I grabbed my dressing gown and slipped it on. I moved towards the door, then stopped. 'You'll have to leave when it's safe,' I said, not daring to look back at him. 'They can't find you here.' I couldn't leap from one guy straight to another.

'Ok,' he said. I thought my heart was going to break. Stupid, needy Evie! What the hell was wrong with me?

Downstairs Cassie was sitting on the sofa, her hands curled around a mug of coffee, her hair pulled high in a messy pony-tail. Dan was next to her, messing with a stray bit of her hair at the back of her neck.

'Oh, hi Hun.'

'Hi. How are things with you guys?' I asked, trying not to look guilty. I shouldn't have bothered; Cassie was always more happy talking about herself.

'Well,' she said, reaching over to put her mug down on the coffee table before she grabbed Dan's hand. 'As you know, things, well, we kind of got off track there for a bit, but everything's good now.' She turned to look at Dan, her eyes brimming over with love, and for a moment I was overtaken by how much I despised her. 'We're going away for a bit, to Dan's parents in Cornwall, see if we can find any good wedding venues.'

'Oh.'

Eventually she prised her eyes away from him. 'I know we haven't been back long Hun, but we want to get married as soon as possible.
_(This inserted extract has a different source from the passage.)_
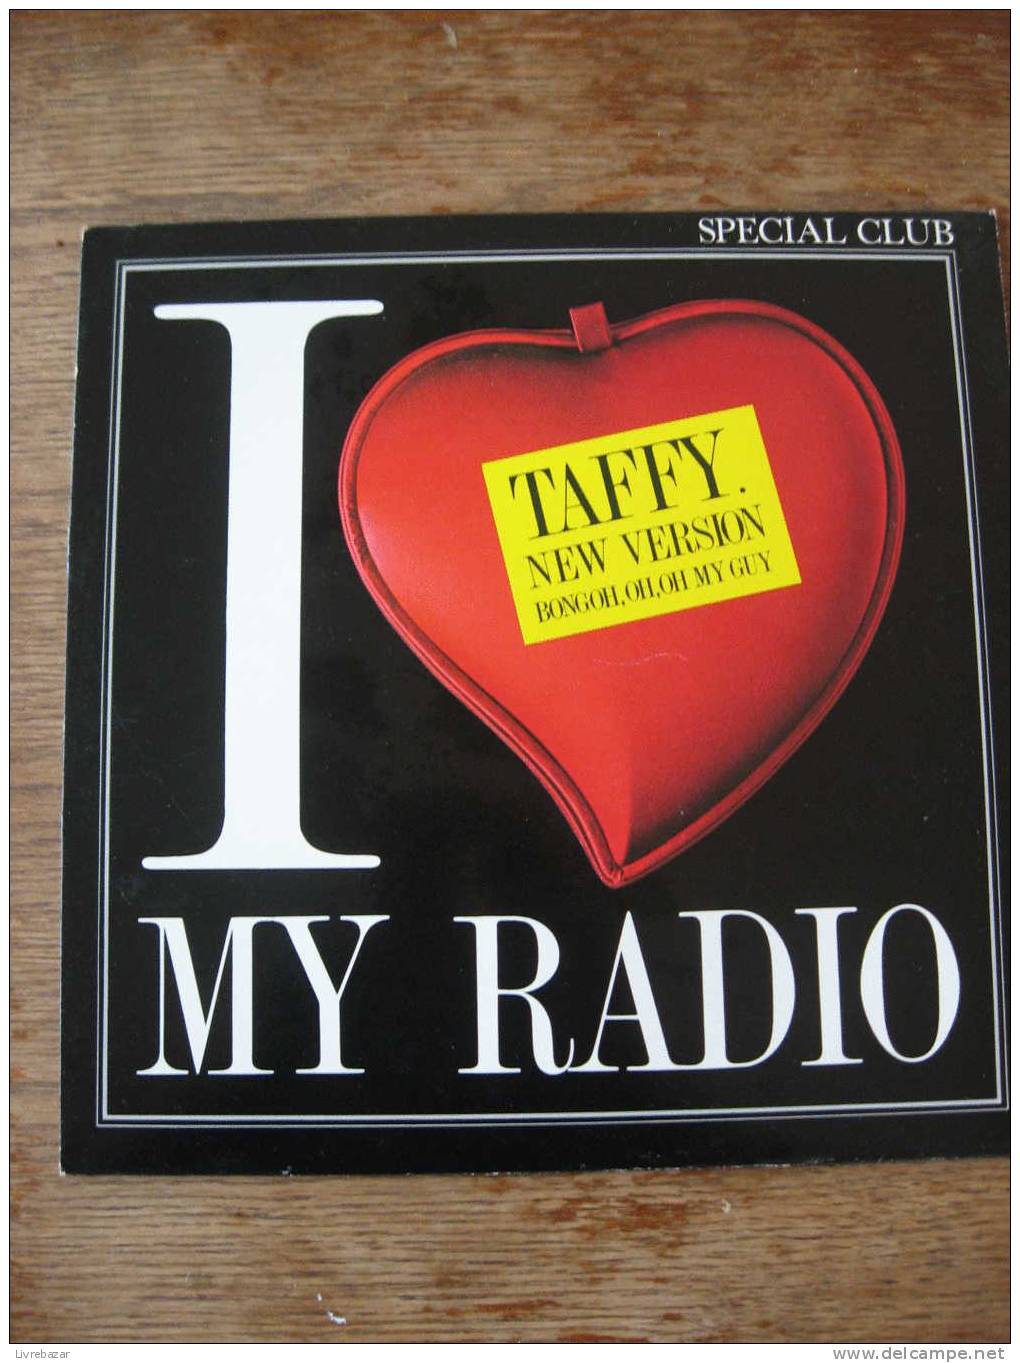 I LOVE MY RADIO TAFFY NEW VERSION SPECIAL CLUB - 45 T - Maxi-Single

We want to bring the wedding forward...to be married now.'

'Ok.'

'No more misunderstandings,' she said, her eyes fixed back on Dan.

'When are you off?' I asked, my emotions all battling it out for supremacy; relief, hatred, jealousy, sadness. I didn't know what I was supposed to feel; I just wasn't used to it. But my guilt at having a strange guy in my bedroom evaporated under the strain of everything else I was feeling.

'Next weekend. We're going for a week so you'll be on your own over half-term, unless you want to come with us?'

'Who me?' I said. I never usually got invited. Why ask this time?

'Well you are going to be bridesmaid.'

'No, I'll stay here. You don't want me cramping your style. We can do the girly stuff when you get back.'

'Ok Hun, if you're sure. See Dan, told you she'd be fine with it. She's a good girl.'

Those words stabbed me through the heart.

She's a good girl.

How would you know Cassie, how could you possibly know? I stood up, 'I'm going back up to my room, I've got a lot of work to do.'

'Ok Hun,' she said, not taking her eyes off Dan.

 

 

 

Evie

 

I grabbed angrily at Dan's clothes in the utility room - pulling out his favourite denim jeans and Ben Sherman jumper - before I stomped back upstairs. My anger was festering inside me. I was a good girl. A good girl! That woman made me want to scream. Or worse!

I yanked open the door to my room, my anger set to unleash on my mysterious stranger, but I stopped as my eyes caught sight of him, lying awkwardly across the bed, asleep. He wasn't supposed to fall asleep, he was supposed to be leaving.

But he looked so worn out, so broken and oh so beautiful, that my anger evaporated. A calmness had swept over my room, like when you're on holiday, sitting by the sea on a hot summer's day, with the breeze rolling in off the ocean, keeping you cool and calm and there isn't a single cloud in the azure sky. That's how I felt looking at him, his chest rising and falling like the ebb and flow of the tide and his sun-kissed skin like the sand at my feet.